To till or not to till? Mini-Cassia farmers are answering that question as more lean toward alternative methods to grow crops.

Always looking for a way to boost crop yields and reduce water usage, many farmers are shaking up the established method of preparing fields and planting seeds. Greater yields, less water use and richer soil are some primary benefits they see from new methods.

With “no-till” planting, said Oakley farmer Nick Robinson, a farmer can plant a crop over a previous year’s crop without plowing up the ground and overturning it, as is traditional.

Robinson has used the no-till method to plant wheat and now is trying it with corn.

“This year we just used our traditional corn planter and went right in and drilled with it, put the pressure down a little harder, and put it right in the ground,” said Robinson. “No-till is just going straight through a stubble field and planting right in the stubble.”

Robinson said his family’s farming operation shifted away from no-till methods in grain because they started using more manure to fertilize the fields. Plow work is necessary to work the manure into the ground so it benefits from the fertilizer nutrients.
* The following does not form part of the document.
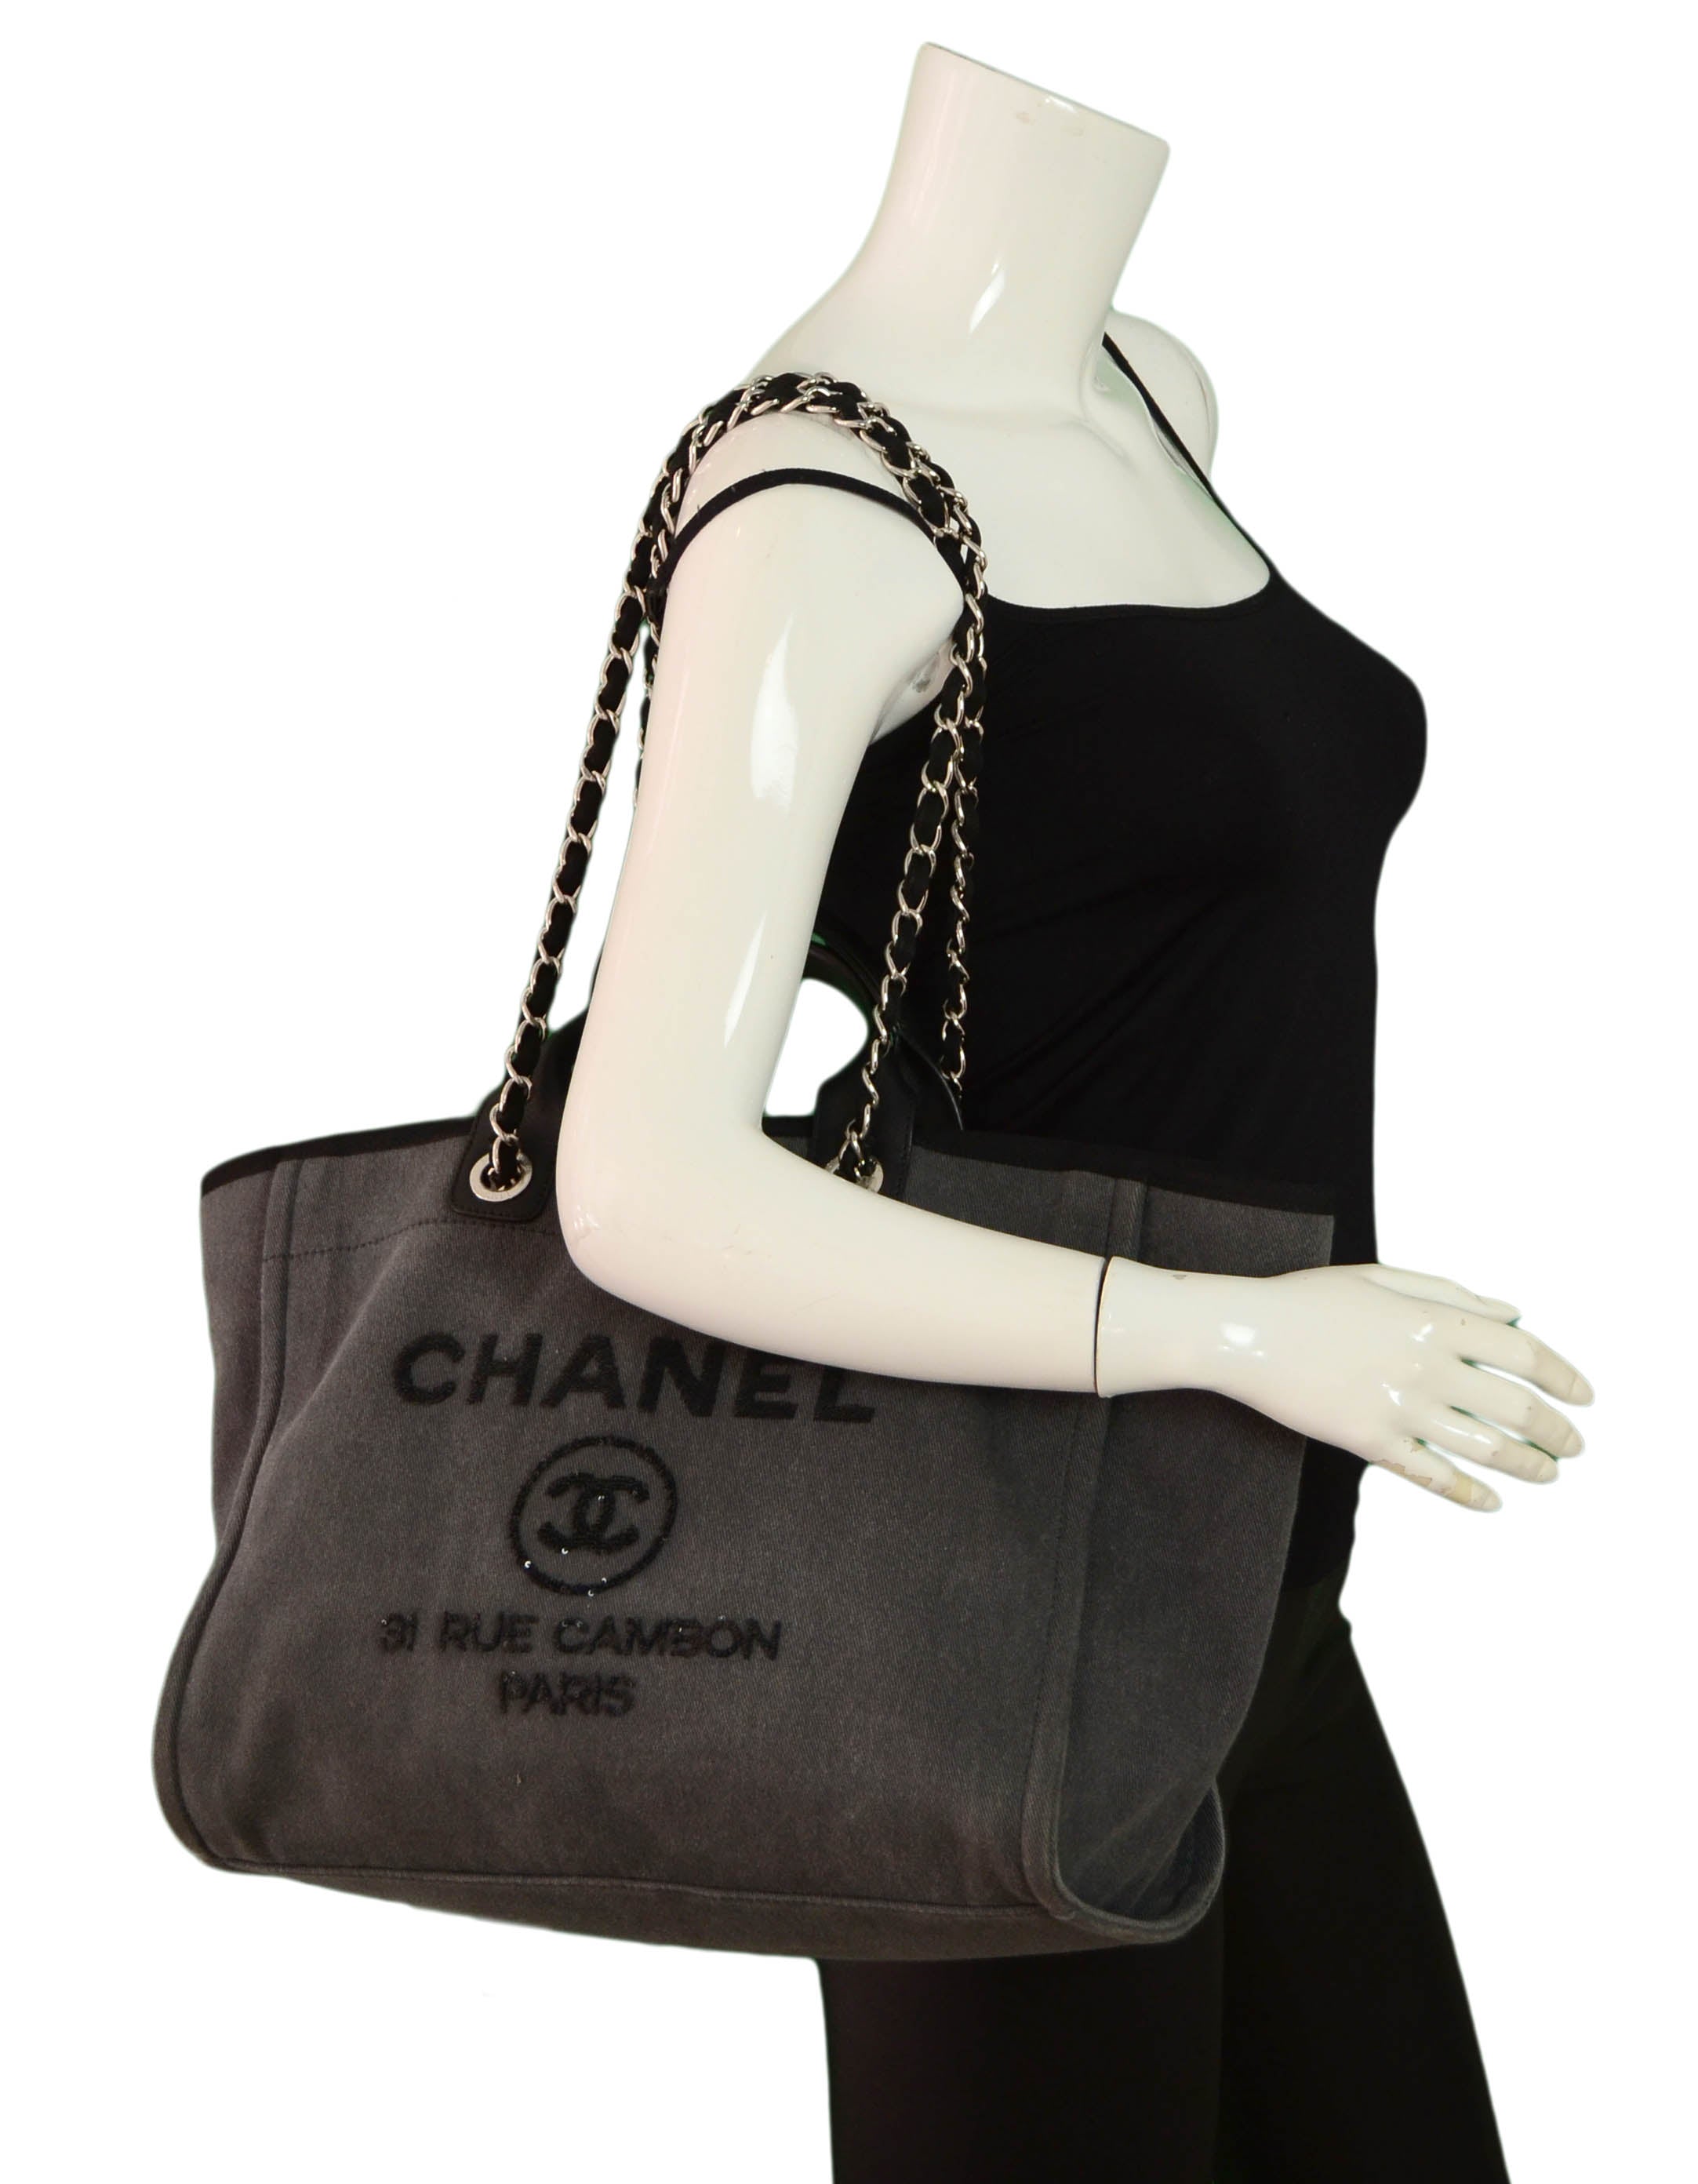 Chanel Black Denim Large Sequins Deauville Tote Bag

The no-till approach does more than save time. A previous crop’s ground cover helps the new crop flourish by leaving more nutrients in the soil.

In areas where dry farming is common, minimal tillage also is useful because it needs less water, said John Firth, of the Minidoka County Soil and Water Conservation District.
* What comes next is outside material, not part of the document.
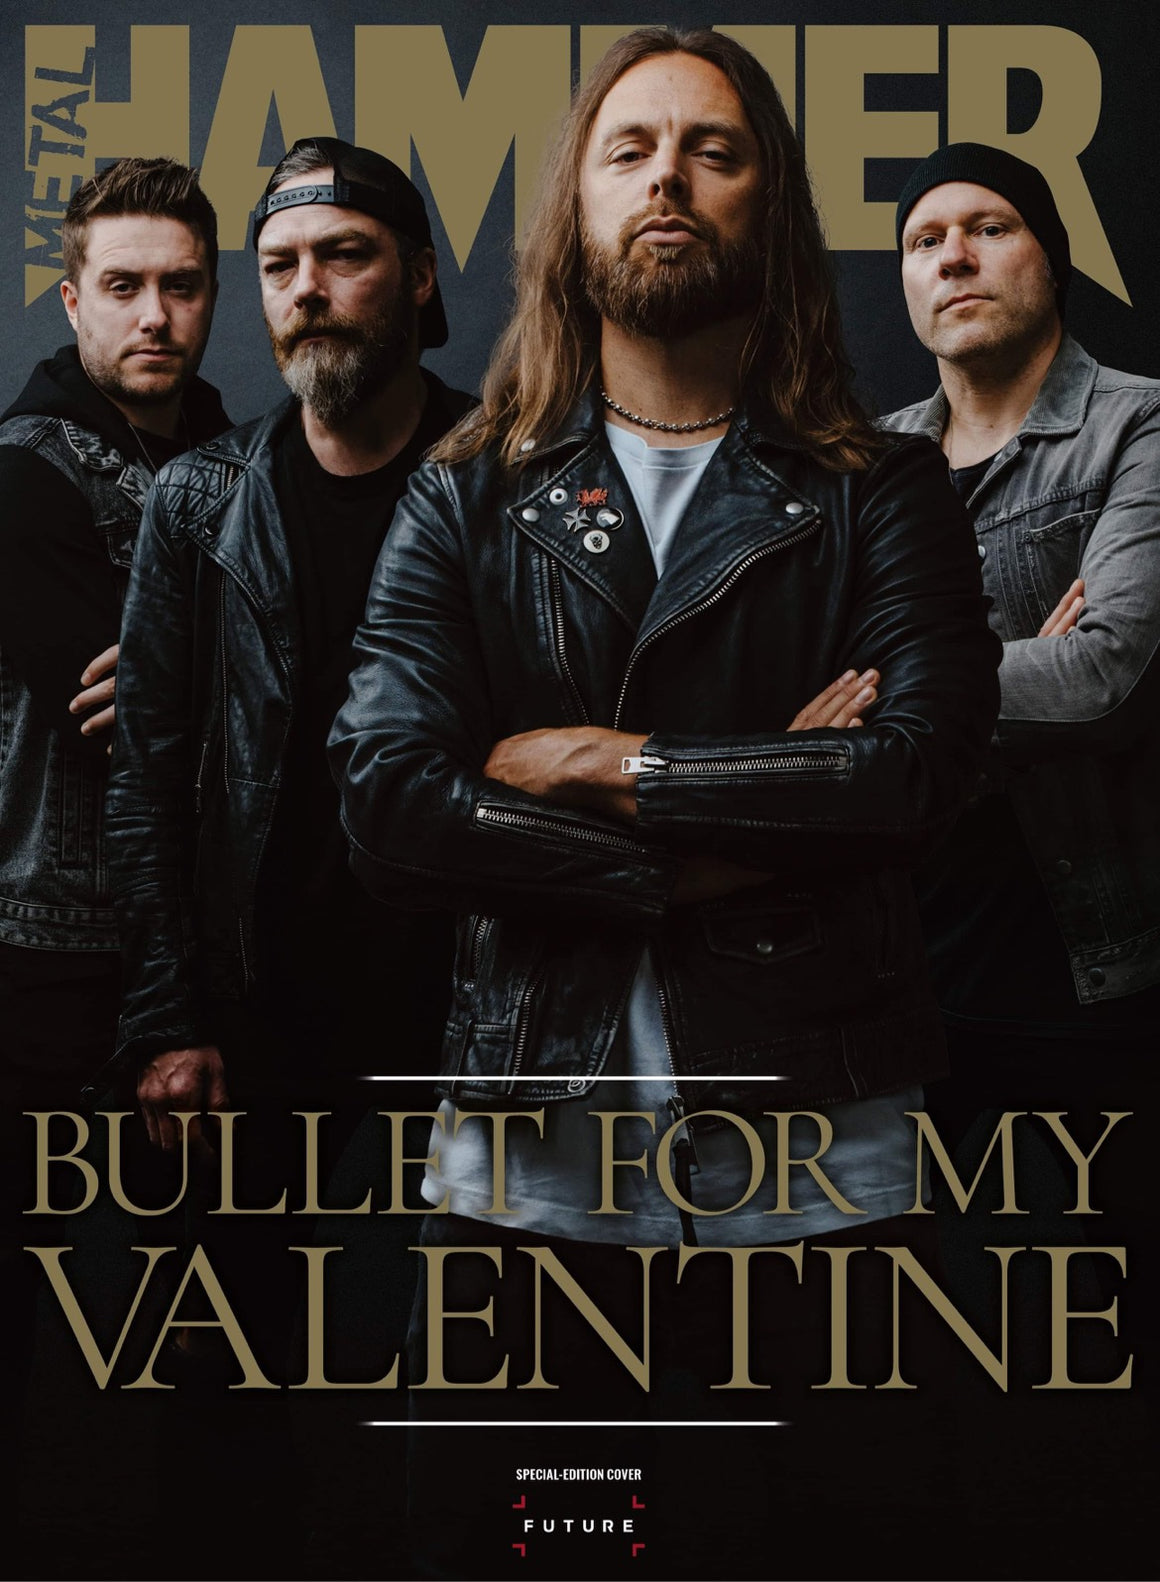 Metal Hammer magazine #354 2021 Bullet For My Valentine - Their definitive interview

No-till farming can improve water infiltration into the soil and lessen erosion, Firth said.

No-till farming is increasing about 1.5 percent a year, the U.S. Department of Agriculture reports. In 2009, 35.5 percent of U.S. cropland used some form of no-till techniques, the USDA found.

In the Mini-Cassia area, farmers have split the difference between both methods. By using a more modest “strip-tilling,” farmers can essentially get the best of both worlds.

Strip-tilling combines the soil drying and warming advantages found in traditional ground-working with the soil protection benefits of no-till practices. In this method, only the soil that contains the seed row is disturbed during planting. The rest of the soil is left with its existing cover of last year’s crop. The existing cover serves the same purpose as it does in no-till methods: boosting soil water infiltration and nutrient retention.

No-till and strip-till methods come with their own set of challenges, however. Plowing helps to significantly eliminate weeds and is one of the biggest benefits of traditional tillage techniques.

For a farmer to adopt a no-till or strip-till method requires heavier reliance on herbicides to control weeds.

But Kerry Bowen, a Mini-Cassia farmer, said the benefits outweigh the challenges.

“For guys working in the sand, it’s a heaven-send,” said Bowen. “You can go in and plant and not lose your topsoil.”

Crops have a tough time in some soil because the dirt turns to clay as soon as it gets wet, he said. Strip-tilling solves that problem.

Bowen cut his first crop of hay earlier this summer and then strip-tilled the field to plant beans.

“That worked extremely well,” he said. “It’s keeping the moisture in the ground, and you can still see the hay between the rows of beans.”

The answer to which method works best is seen in the crop yield — and that depends on the crop, Robinson said.

“It varies from crop to crop,” he said. “With wheat, both no-till and tilling ground yielded about the same. With corn, it’s different. You can see a difference in the crop where we’ve tilled and where we haven’t. The corn in the worked ground is taller.”

Bowen has spent seven years using the strip-till method, and it’s taken time to figure out how to make it work effectively, he said.

“I’m getting there with it. I like it because where you don’t till actually retains a lot of moisture,” he said. “But you’ve got to spend some time and figure out how everything works.”